Perturbed Admissibility Rules, Spectral Stability, and the Universality Class of Emergent Lorentzian Geometry in VERSF
The previous Stage VI paper showed that a simple seven-state refinement substrate — the K = 7 wheel — could generate stable continuum geometry through explicit spectral refinement dynamics. The wheel consisted of one central hub state connected to six cyclic boundary states, and remarkably, the entire refinement system collapsed into a clean mathematical structure with a spectral gap of exactly one-half, exponential contraction of incoherent modes, and a finite continuum Lipschitz constant.
This new paper asks the next natural question: what happens when the substrate is no longer perfectly symmetric?
In ordinary physics, microscopic systems are never exact. Real systems contain noise, disorder, asymmetry, local defects, and fluctuations.

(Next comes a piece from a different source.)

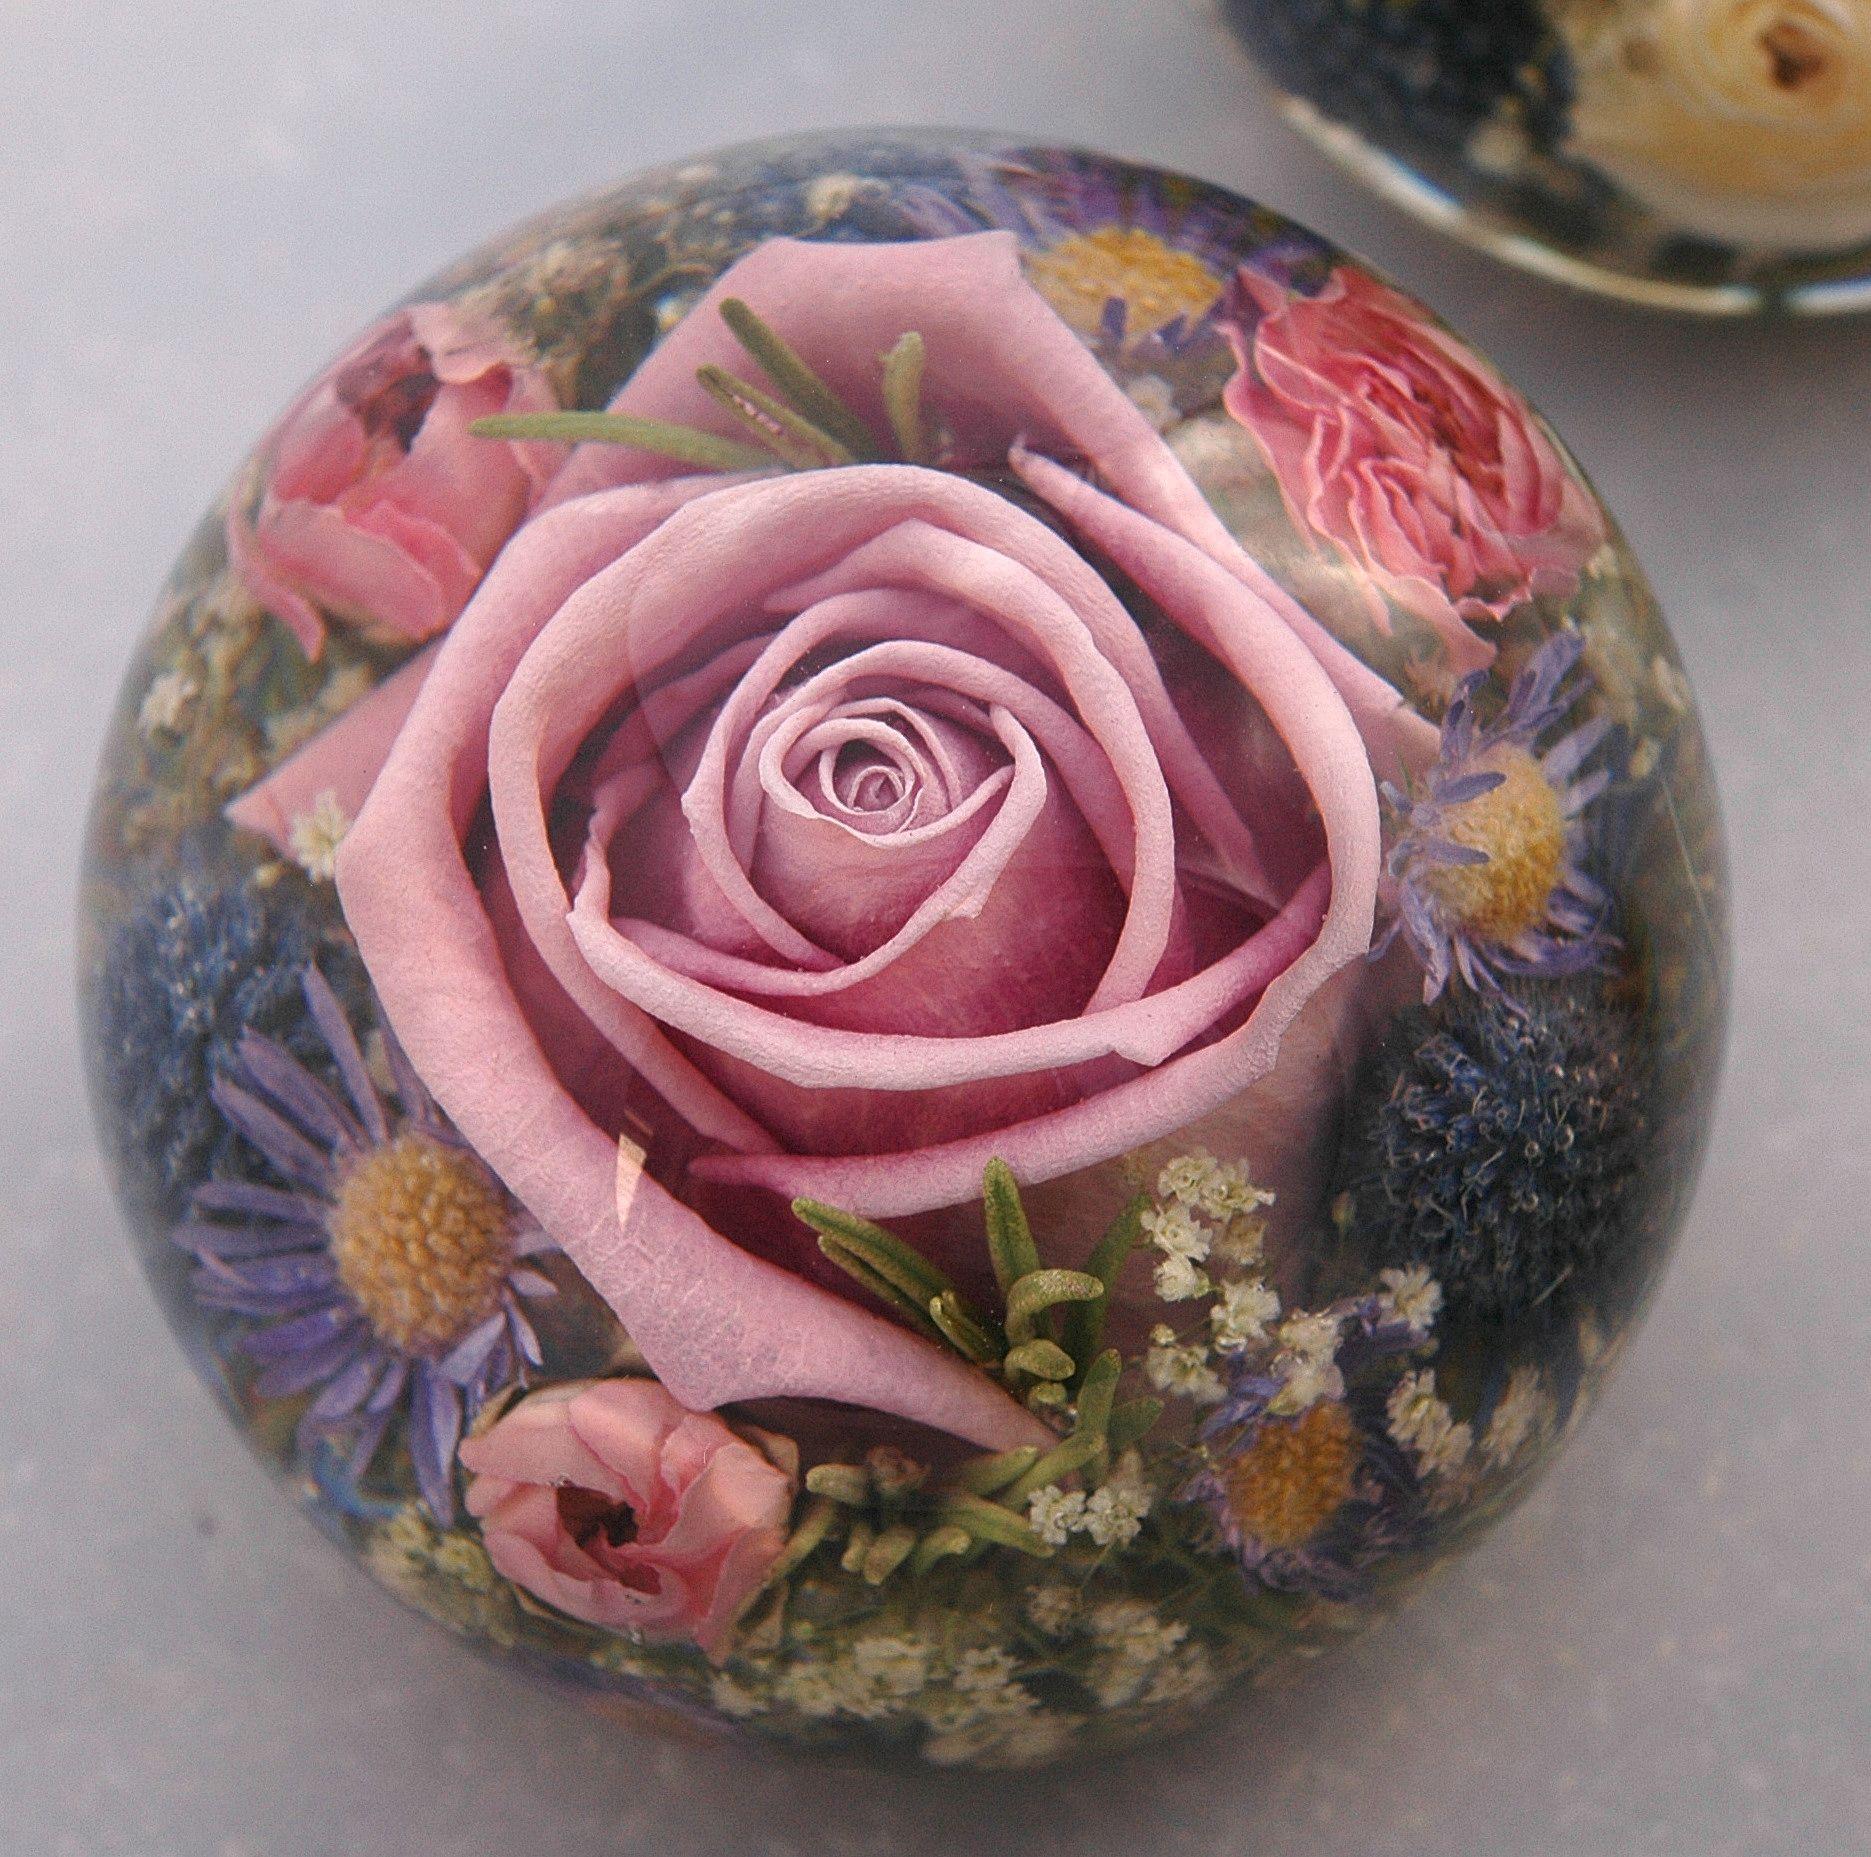 Somerton Luxury Mixed Flower Paperweight Paperweights Flower

If the wheel only worked when every transition weight was perfectly tuned, then it would remain an elegant toy construction but would struggle to resemble a physically meaningful substrate.

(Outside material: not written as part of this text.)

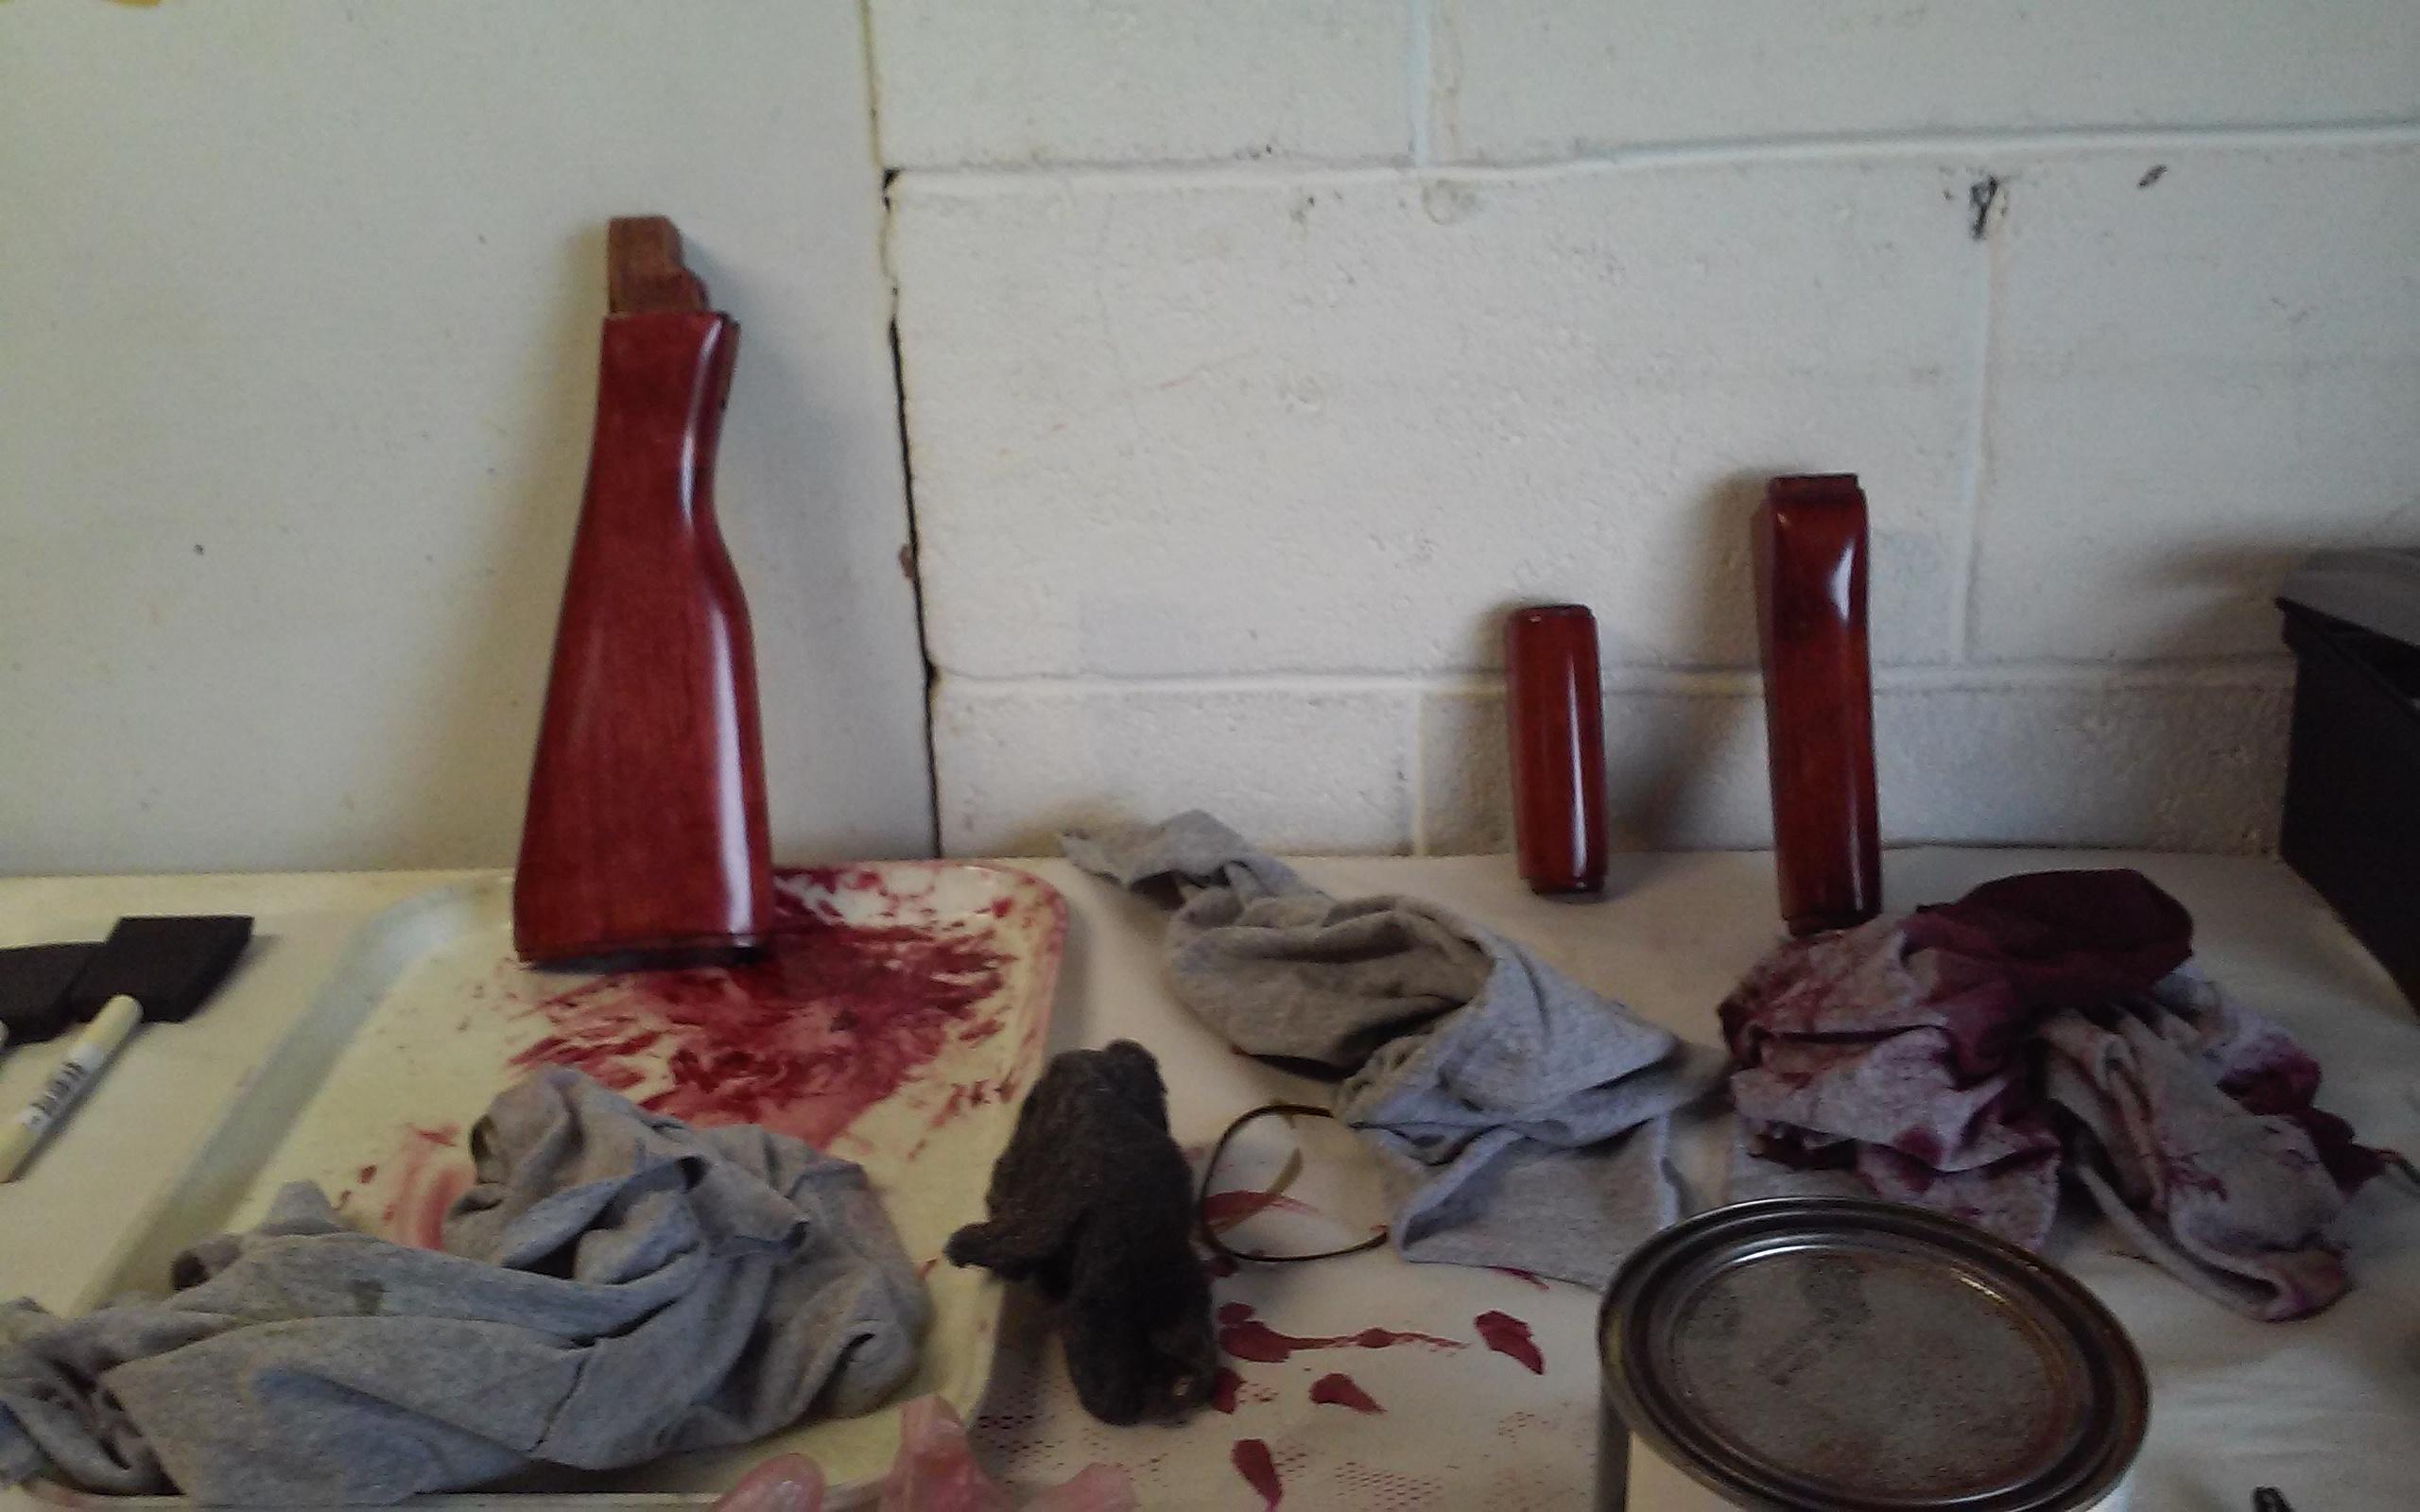 AK furniture Refinish

What the paper shows is that the K = 7 wheel is surprisingly robust.
Small admissibility-preserving perturbations do not destroy the coherent refinement flow. The key structural features survive:
- the unique coherent transport sector,
- the positive spectral gap,
- exponential refinement contraction,
- entropy contraction,
- and the emergence of smooth Lorentzian continuum geometry.
Even more interestingly, the paper uncovers something stronger than simple robustness. Certain perturbations are completely invisible to the spectrum itself. Because of the wheel’s dihedral symmetry, entire classes of antisymmetric perturbations leave the eigenvalues unchanged exactly — not approximately, but identically, to all orders in the perturbation strength. The eigenvectors rotate, but the spectral gap remains fixed at:ϵgap=21.
This turns the spectral gap from merely a computed quantity into something much deeper: a symmetry-protected structural invariant of the wheel architecture. In other words, part of the substrate’s geometric stability is protected directly by symmetry itself.
The paper also demonstrates that even perturbations which do change the spectrum affect it much more weakly than worst-case operator theory would suggest. The measured spectral sensitivity is around six times smaller than the conservative Bauer–Fike stability bound. That means the wheel architecture possesses hidden robustness beyond what generic matrix perturbation theory alone would predict.
One of the most important conceptual developments is the introduction of the K = 7 refinement universality class. Instead of treating the canonical wheel as one isolated perfect construction, the paper defines an entire open family of admissible refinement substrates that all flow toward the same large-scale geometric behaviour. Different microscopic details produce slightly different numerical constants, but the macroscopic continuum structure remains the same:
- one persistent coherent sector,
- trapped incoherent modes,
- exponential refinement convergence,
- geometric entropy contraction,
- and finite continuum regularity.
This is the kind of behaviour normally associated with universality in statistical physics and renormalisation group theory, where many different microscopic systems converge toward the same large-scale physical structure.
The paper also begins pointing toward the next frontier in the programme. If local perturbations preserve geometry, then larger or more concentrated defects may not simply damage the continuum — they may generate structure inside it. The final sections raise the possibility that local breakdowns in refinement coherence could eventually correspond to:
- effective curvature,
- trapped energy,
- matter-like excitations,
- or defect-generated physical structure.
That remains speculative for now, but it naturally leads toward the next stage of the geometry programme: understanding how physics itself may emerge from defects and excitations living on the refinement substrate.